Автор: Хелен Эндрюс (Helen Andrews) - старший редактор The American Conservative. Ее работы публиковались в The New York Times, The Wall Street Journal, The Claremont Review of Books и во многих других изданиях.

Оригинал

Перевод Анны Полуниной

Оригинал: svpressa.ru
Скриншот



The American Conservative | Aug 29, 2024 12:05 AM | Helen Andrews
When Soviet Dissidents Disappoint
A new history of the Soviet dissident movement tries to make heroes of an underwhelming lot.




To the Success of Our Hopeless Cause: The Many Lives of the Soviet Dissident Movement by Benjamin Nathans, Princeton University Press, 816 pages, August 2024

Professor Benjamin Nathans thinks Soviet-era dissidents don’t get enough respect in modern Russia. A 2013 Levada poll found that fewer than one in five Russians could name “any dissidents from the late Soviet era,” according to Nathans’s new book, To the Success of Our Hopeless Cause: The Many Lives of the Soviet Dissident Movement. The word “late” presumably excludes mid-century dissidents like Aleksandr Solzhenitsyn, whose works are studied in the standard Russian school curriculum. A Russian textbook from 2023 implies that “so-called dissidents” were tools of the CIA: “The West ‘took good care of them’ ... and therefore their activities were closely watched by the organs of state security.”

But what exactly about the Soviet dissident movement should be celebrated? There are two ways a dissident movement can be a success: Either it brings down the regime, or it serves as a remnant preserving noble ideals for a better day, in the meantime offering a moral example and a trenchant critique of the system.

The Soviet dissidents were obviously a failure in the first sense. Nothing they did brought the demise of the Soviet empire closer by a single day. The USSR collapsed from its own economic dysfunction. To the extent that widespread disillusionment played a role, the dissidents did nothing to instigate or even guide it. They were too isolated from the population. One of the themes emphasized by Nathans is that the dissident movement was confined almost entirely to the elite and specifically the intelligentsia. Nearly half of the signatories of one anti-government petition from 1968 were employed in higher education.

The attitude of the Russian man on the street to the dissident movement can be guessed from an exchange quoted by Nathans between Valeria Gerlin, a schoolteacher who lost her job for signing a petition in support of four writers on trial for anti-Soviet agitation, and her school board director. Gerlin said she was exercising her rights as a citizen. Her boss replied:

Who among us never has grievances against Soviet power? It happens with everyone. This person didn’t get an apartment, that person wasn’t paid a bonus, and so on. Everyone has some issue. But what do we do? Well, we come home, we grumble a little in the kitchen, but that’s it. We take our grievance no further than the kitchen. But she-she writes it up!
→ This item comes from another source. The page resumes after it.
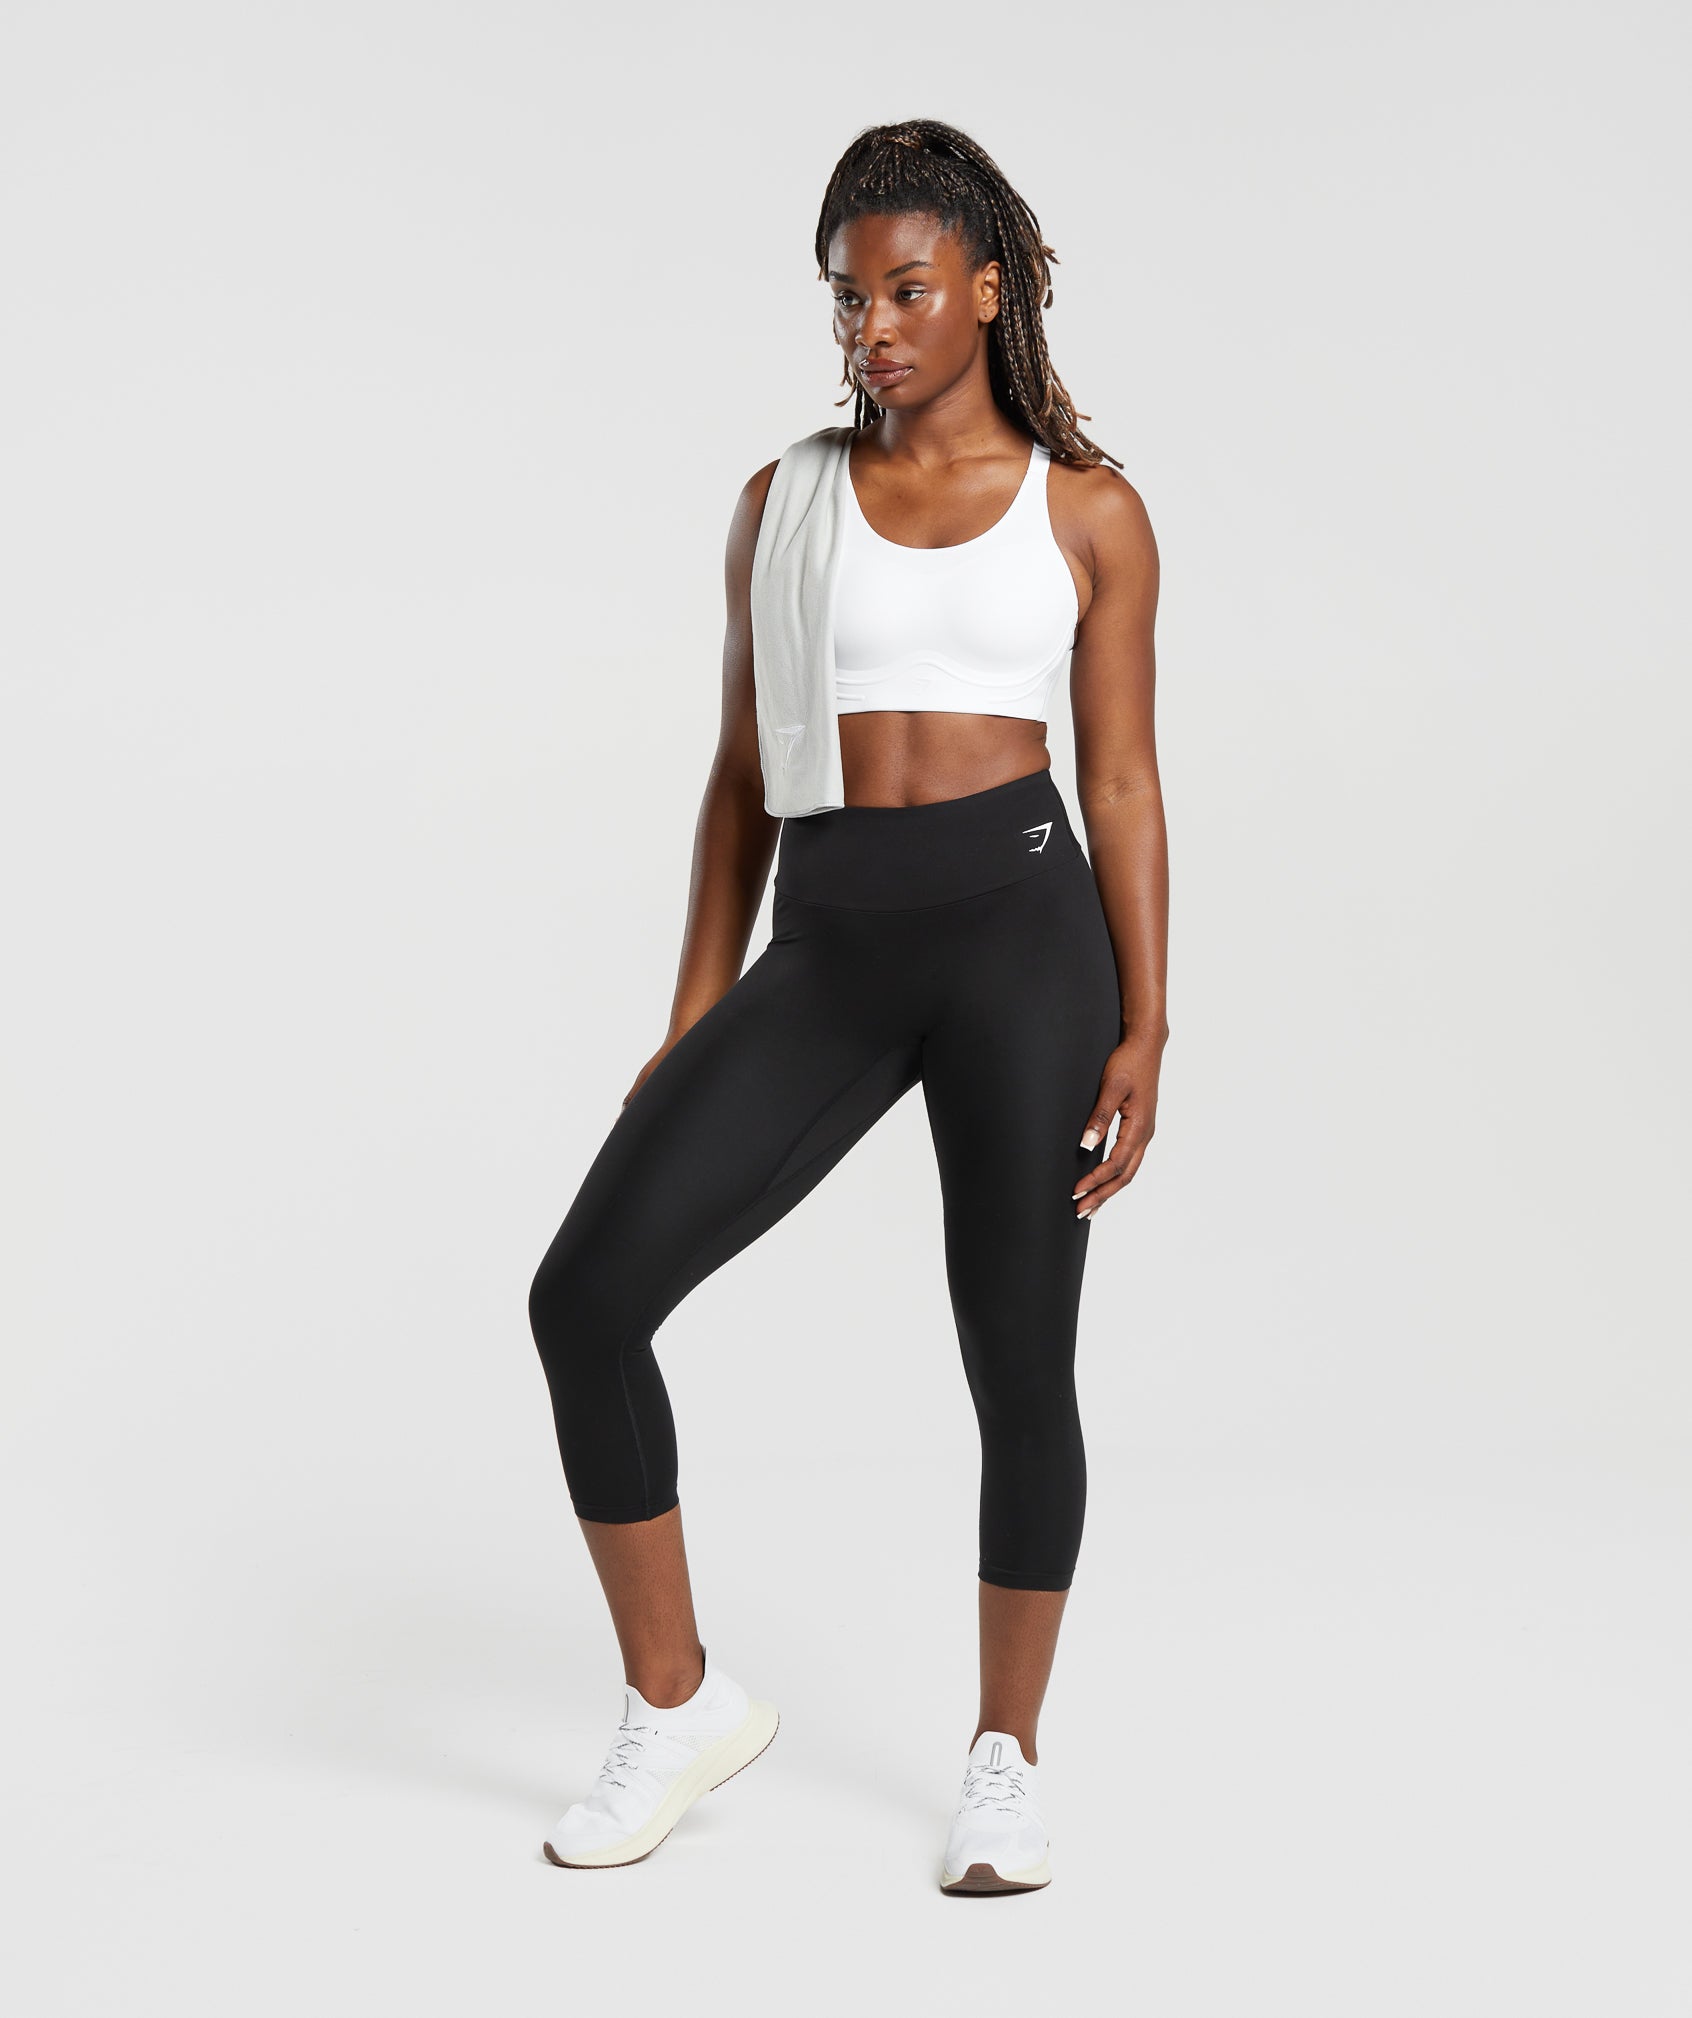 The perfect workout outfit consists of the Dynamic leggings and Cross Back  Sports Bra from the new Gymshark by Nik…
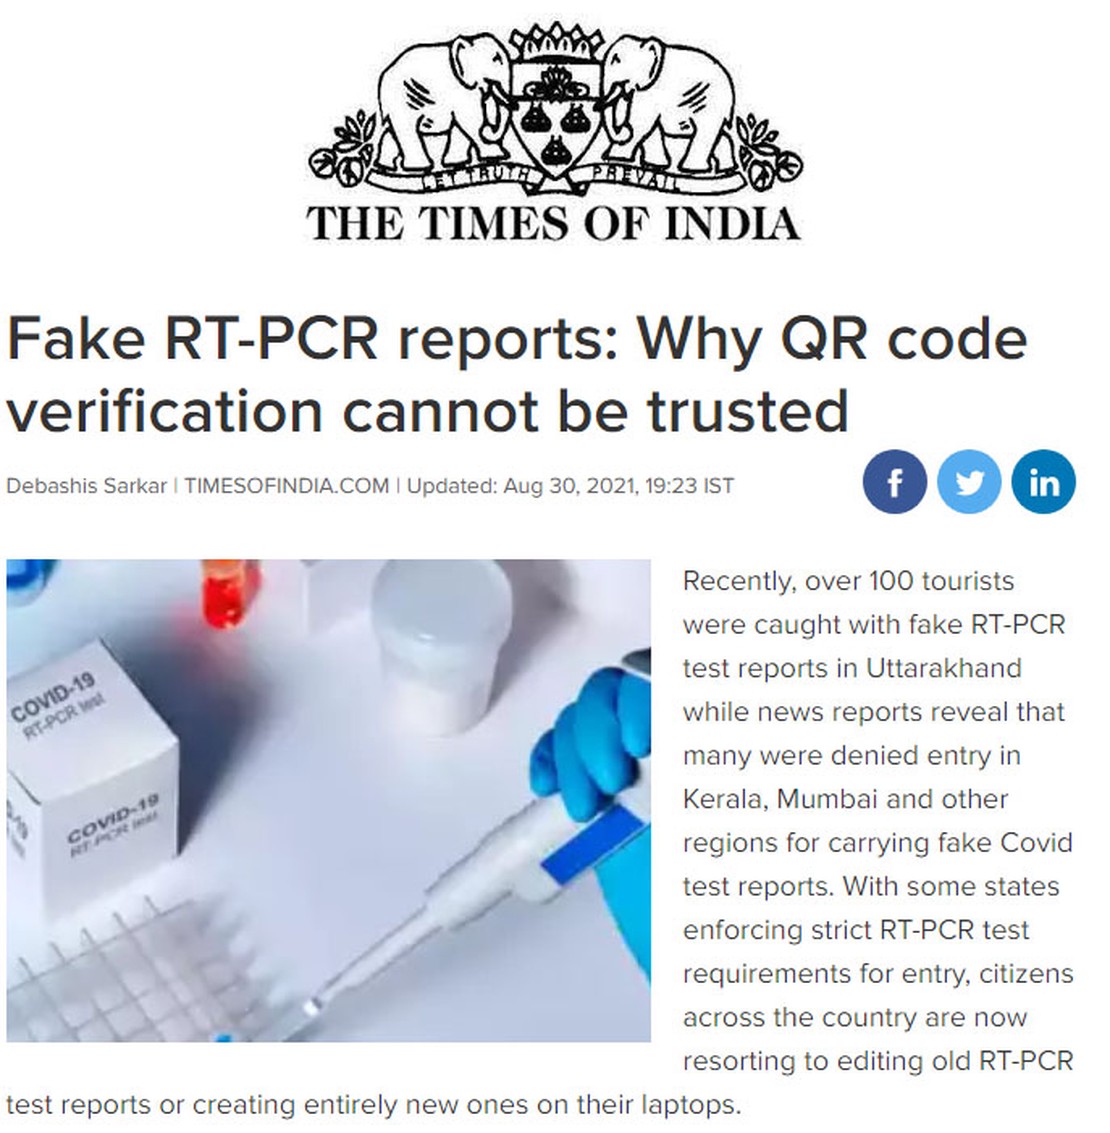 India's Tryst with Fake RT-PCR reports and Why regular QR doesn’t help

Interestingly, Gerlin was a child of the Soviet aristocracy. Her father was a high-ranking NKVD official with an apartment on Lubyanka Square. This kind of background pops up frequently in Nathans’s cast of characters. The most prominent female dissident, Larisa Bogoraz, had an uncle in the NKVD and her parents were professors. Other dissidents included the descendants of Litvinov and Sverldlov, as well as lesser known Bolsheviks like the Red Army hero Yona Yakir.

There are several possible explanations for this genealogical connection. Perhaps the luxury of dissent is only possible for those who enjoy a certain level of privilege. Or perhaps these men and women were simply carrying on the family tradition. Nathans notes that dissidents were “part of a generation that became the first adults in history who were not immigrants to socialism (voluntary or otherwise), but native born, the first indigenous speakers of its language.” They did the same thing their parents and grandparents had done, just to a different regime. Bogoraz made the connection explicit between her prominent communist family and her career as a dissenter: “Public activism was apparently in my blood. There was a feeling of being connected to society, of responsibility for what was happening in society.”

If that is the case, then the dissidents were not opponents of revolutionary communism but its true heirs, literally and figuratively.

Certainly there was an ideological resemblance. With few exceptions, the dissidents in Nathans’s book were all socialists. None of them criticized the Soviet regime from the position of free-market capitalism. They were very poor analysts of the problems that made the USSR unsustainable, namely its economic pathologies. The rights that most interested them were the free speech rights of the intelligentsia or the freedom to emigrate. They cared far less about the daily humiliations to which ordinary Russians were subject. The populist conservatism of Solzhenitsyn was an outlier; the vast majority of dissidents were typical urban liberals.

The true priorities of the dissident movement can be gleaned from the kinds of activism these individuals pursued after communism fell. The flowering of NGOs that occurred in Russia in the 1990s took direct inspiration from, and involved many of the same people as, the dissident movement. These NGOs focused on liberal issues familiar to their Western counterparts: women’s rights, gay rights, domestic violence, free speech, the rights of criminal defendants, the rights of ethnic minorities and refugees, the right to refuse military conscription.

Not coincidentally, they drew most of their funding from Western sources, including foundations such as the Ford Foundation and the Open Society Foundation, as well as outgrowths of the U.S. government such as USAID and the National Endowment for Democracy. Here may be a good place to mention that the KGB was, in fact, correct to accuse the Soviet-era dissident movement of having extensive links to the CIA.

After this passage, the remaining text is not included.